» HOW TO COMPLETE THIS TASK:
What you return must match the data exactly, line for line.

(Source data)
###

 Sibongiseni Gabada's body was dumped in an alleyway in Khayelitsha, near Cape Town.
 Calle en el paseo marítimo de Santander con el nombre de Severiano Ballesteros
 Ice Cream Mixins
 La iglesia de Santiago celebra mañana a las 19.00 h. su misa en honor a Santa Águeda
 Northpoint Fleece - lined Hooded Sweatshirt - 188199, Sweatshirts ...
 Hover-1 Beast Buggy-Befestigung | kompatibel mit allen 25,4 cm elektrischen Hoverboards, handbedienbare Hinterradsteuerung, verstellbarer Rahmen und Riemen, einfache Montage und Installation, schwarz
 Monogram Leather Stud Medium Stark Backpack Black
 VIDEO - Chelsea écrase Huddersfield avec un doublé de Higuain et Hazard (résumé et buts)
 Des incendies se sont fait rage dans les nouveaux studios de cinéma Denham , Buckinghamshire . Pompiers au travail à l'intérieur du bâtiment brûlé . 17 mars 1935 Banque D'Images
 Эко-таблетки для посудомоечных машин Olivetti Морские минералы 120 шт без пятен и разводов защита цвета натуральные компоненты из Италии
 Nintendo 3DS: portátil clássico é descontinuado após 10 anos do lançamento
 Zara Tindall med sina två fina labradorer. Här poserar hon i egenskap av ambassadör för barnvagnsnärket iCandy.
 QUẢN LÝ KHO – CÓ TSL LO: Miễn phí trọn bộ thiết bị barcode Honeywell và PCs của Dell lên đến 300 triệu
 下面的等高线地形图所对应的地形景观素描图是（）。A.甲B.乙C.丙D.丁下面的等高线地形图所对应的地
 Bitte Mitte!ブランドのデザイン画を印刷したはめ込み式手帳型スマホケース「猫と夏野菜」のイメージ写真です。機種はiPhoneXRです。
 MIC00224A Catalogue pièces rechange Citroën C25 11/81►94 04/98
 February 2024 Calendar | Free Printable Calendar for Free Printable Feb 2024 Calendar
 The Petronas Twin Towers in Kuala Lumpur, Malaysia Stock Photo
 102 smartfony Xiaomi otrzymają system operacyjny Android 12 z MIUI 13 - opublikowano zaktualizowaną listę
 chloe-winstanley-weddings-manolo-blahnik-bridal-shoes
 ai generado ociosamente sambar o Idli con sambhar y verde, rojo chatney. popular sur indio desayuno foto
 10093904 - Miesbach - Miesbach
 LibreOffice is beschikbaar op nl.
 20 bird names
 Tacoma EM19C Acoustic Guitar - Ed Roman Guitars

###

» RESPONSE TO THIS TASK:
 Sibongiseni Gabada's body was dumped in an alleyway in Khayelitsha, near Cape Town.
 Calle en el paseo marítimo de Santander con el nombre de Severiano Ballesteros
 Ice Cream Mixins
 La iglesia de Santiago celebra mañana a las 19.00 h. su misa en honor a Santa Águeda
 Northpoint Fleece - lined Hooded Sweatshirt - 188199, Sweatshirts ...
 Hover-1 Beast Buggy-Befestigung | kompatibel mit allen 25,4 cm elektrischen Hoverboards, handbedienbare Hinterradsteuerung, verstellbarer Rahmen und Riemen, einfache Montage und Installation, schwarz
 Monogram Leather Stud Medium Stark Backpack Black
 VIDEO - Chelsea écrase Huddersfield avec un doublé de Higuain et Hazard (résumé et buts)
 Des incendies se sont fait rage dans les nouveaux studios de cinéma Denham , Buckinghamshire . Pompiers au travail à l'intérieur du bâtiment brûlé . 17 mars 1935 Banque D'Images
 Эко-таблетки для посудомоечных машин Olivetti Морские минералы 120 шт без пятен и разводов защита цвета натуральные компоненты из Италии
 Nintendo 3DS: portátil clássico é descontinuado após 10 anos do lançamento
 Zara Tindall med sina två fina labradorer. Här poserar hon i egenskap av ambassadör för barnvagnsnärket iCandy.
 QUẢN LÝ KHO – CÓ TSL LO: Miễn phí trọn bộ thiết bị barcode Honeywell và PCs của Dell lên đến 300 triệu
 下面的等高线地形图所对应的地形景观素描图是（）。A.甲B.乙C.丙D.丁下面的等高线地形图所对应的地
 Bitte Mitte!ブランドのデザイン画を印刷したはめ込み式手帳型スマホケース「猫と夏野菜」のイメージ写真です。機種はiPhoneXRです。
 MIC00224A Catalogue pièces rechange Citroën C25 11/81►94 04/98
 February 2024 Calendar | Free Printable Calendar for Free Printable Feb 2024 Calendar
 The Petronas Twin Towers in Kuala Lumpur, Malaysia Stock Photo
 102 smartfony Xiaomi otrzymają system operacyjny Android 12 z MIUI 13 - opublikowano zaktualizowaną listę
 chloe-winstanley-weddings-manolo-blahnik-bridal-shoes
 ai generado ociosamente sambar o Idli con sambhar y verde, rojo chatney. popular sur indio desayuno foto
 10093904 - Miesbach - Miesbach
 LibreOffice is beschikbaar op nl.
 20 bird names
 Tacoma EM19C Acoustic Guitar - Ed Roman Guitars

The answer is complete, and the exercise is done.